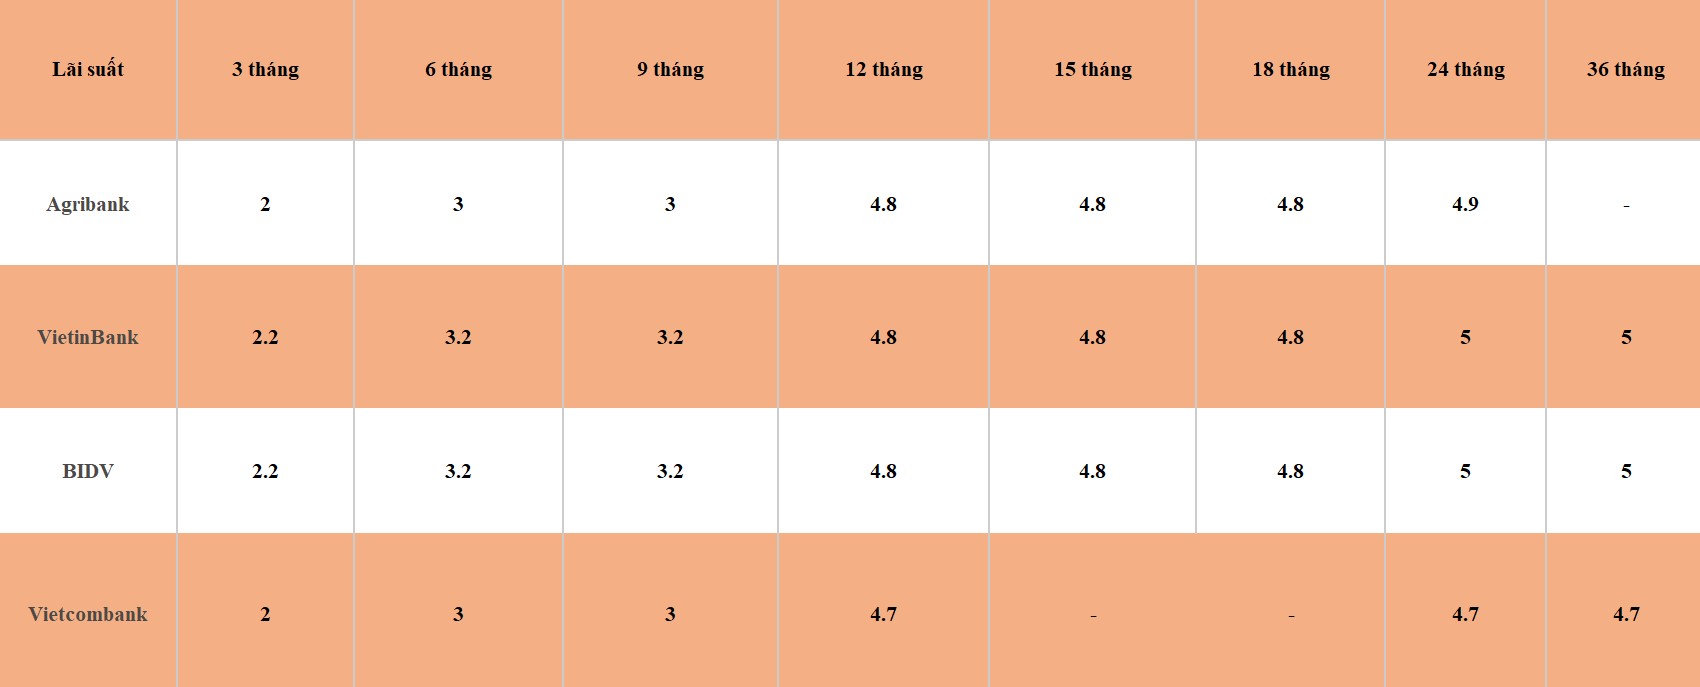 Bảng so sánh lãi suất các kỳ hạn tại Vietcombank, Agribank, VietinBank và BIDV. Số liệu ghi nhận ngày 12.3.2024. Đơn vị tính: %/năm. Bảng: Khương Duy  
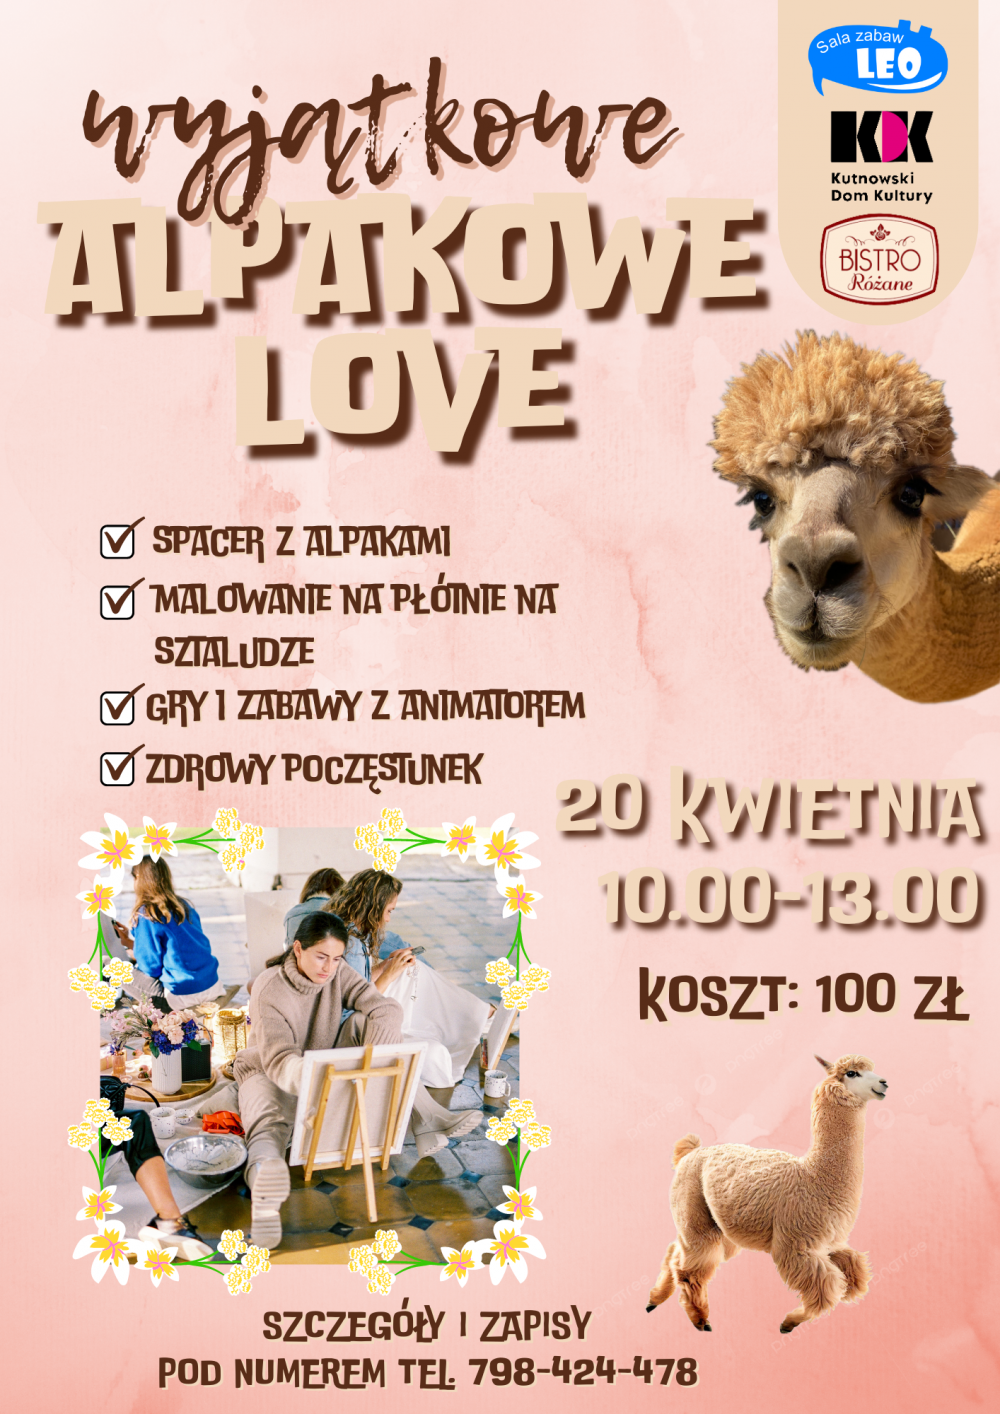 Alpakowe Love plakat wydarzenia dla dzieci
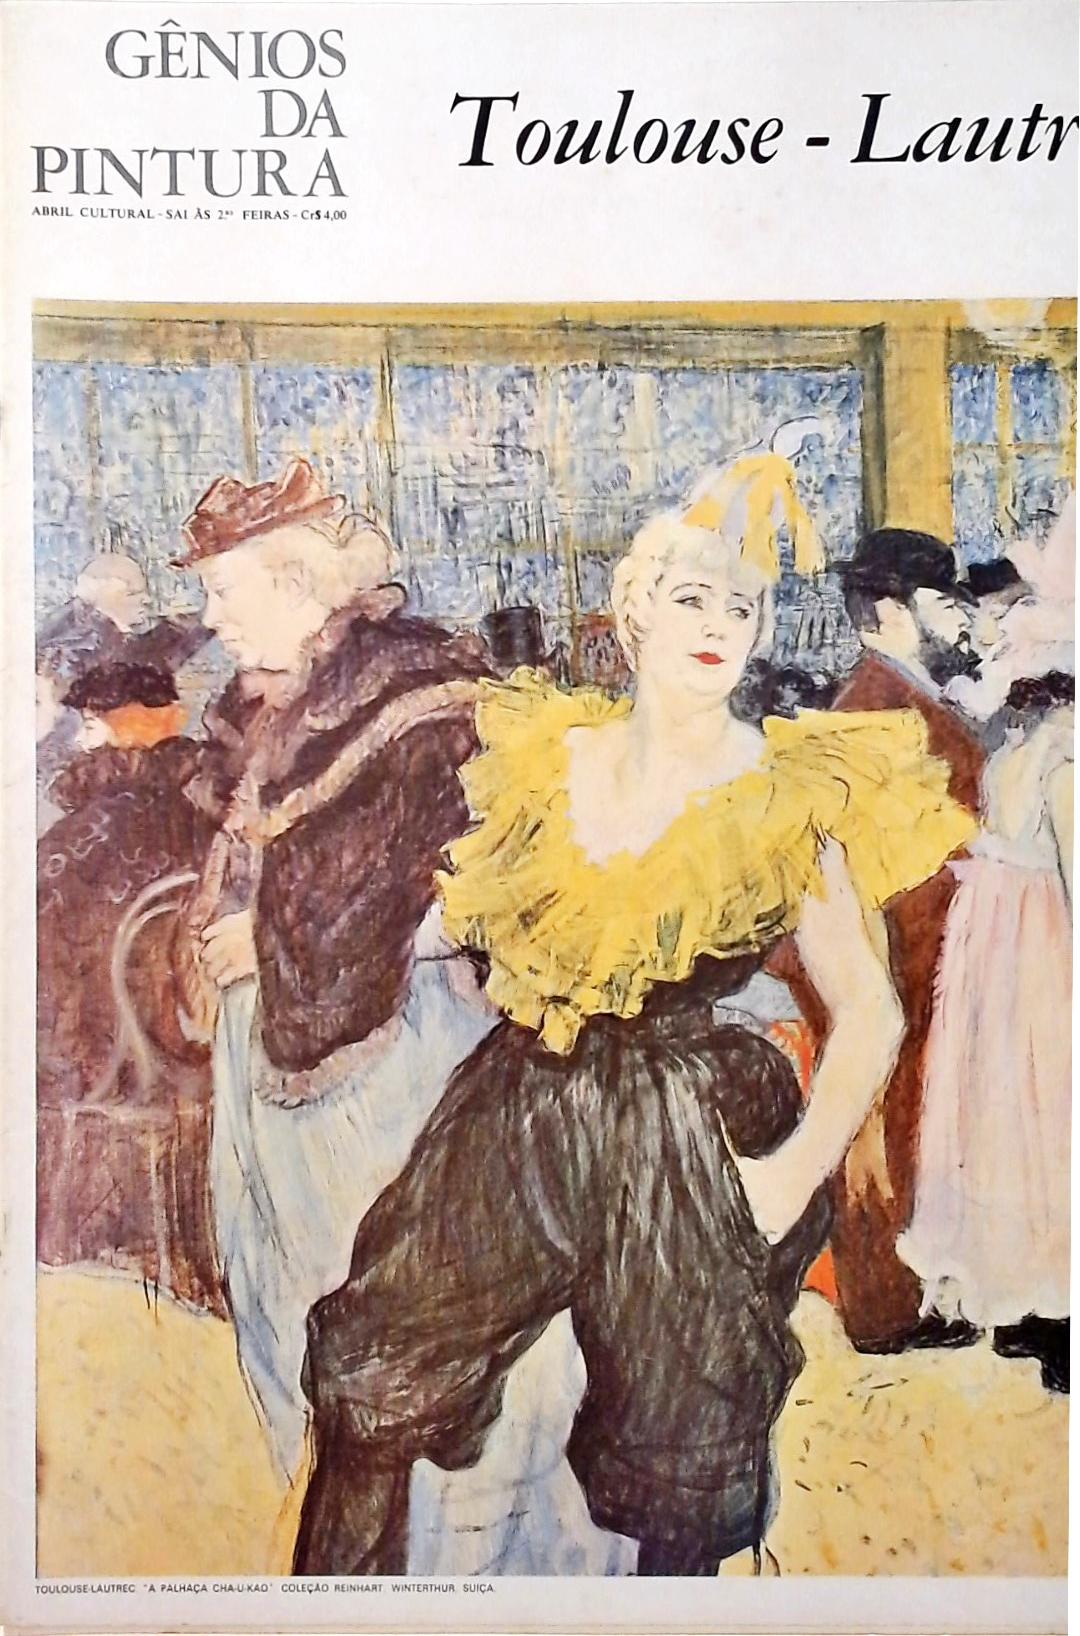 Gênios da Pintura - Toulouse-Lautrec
——
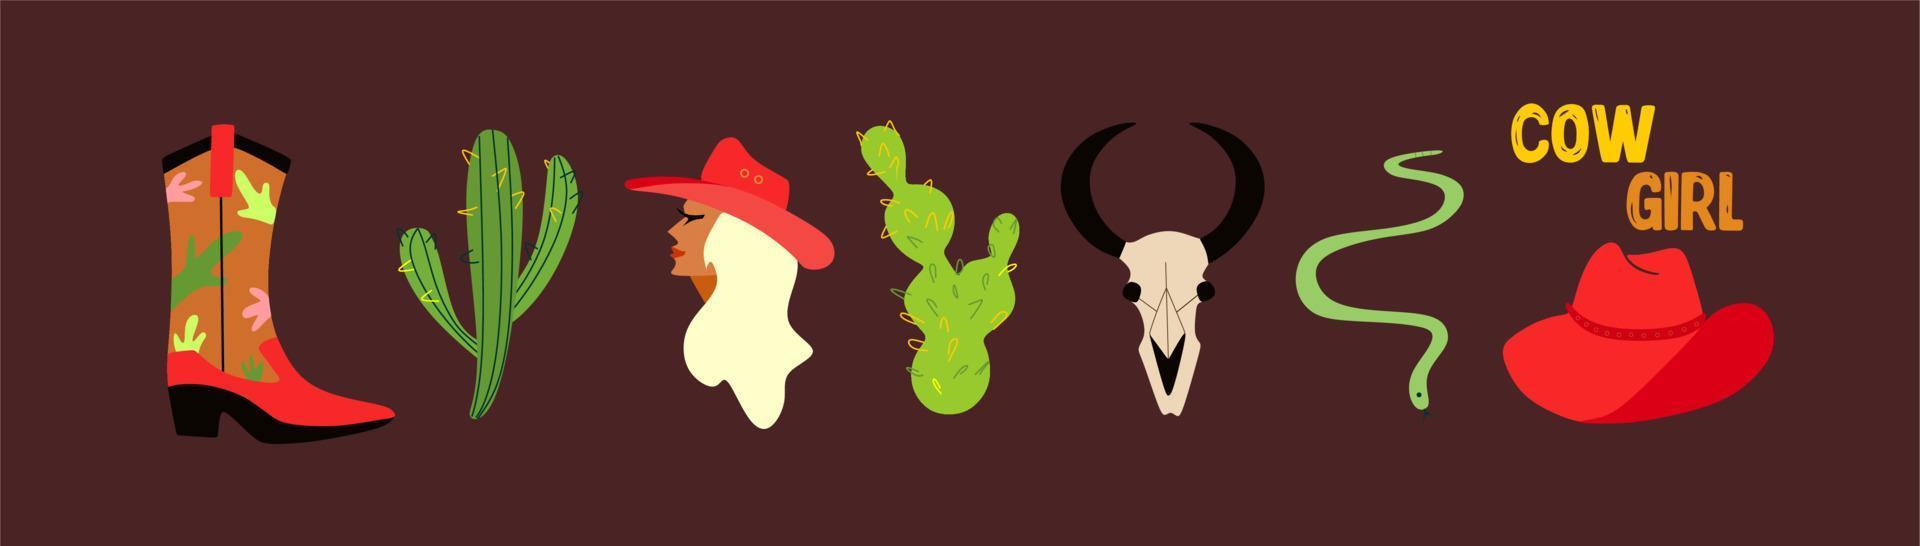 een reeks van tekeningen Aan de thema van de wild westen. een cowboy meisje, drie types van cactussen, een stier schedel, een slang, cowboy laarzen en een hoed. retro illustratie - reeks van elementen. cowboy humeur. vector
——
**Exercise description**
Output exactly the stretch of the listing that begins at the line containing "Alpakowe Love plakat wydarzenia dla dzieci" and ends at the line containing "Gênios da Pintura - Toulouse-Lautrec", both kept. Omit pictures and everything else.

**Expected output**
 Alpakowe Love plakat wydarzenia dla dzieci
 Gênios da Pintura - Toulouse-Lautrec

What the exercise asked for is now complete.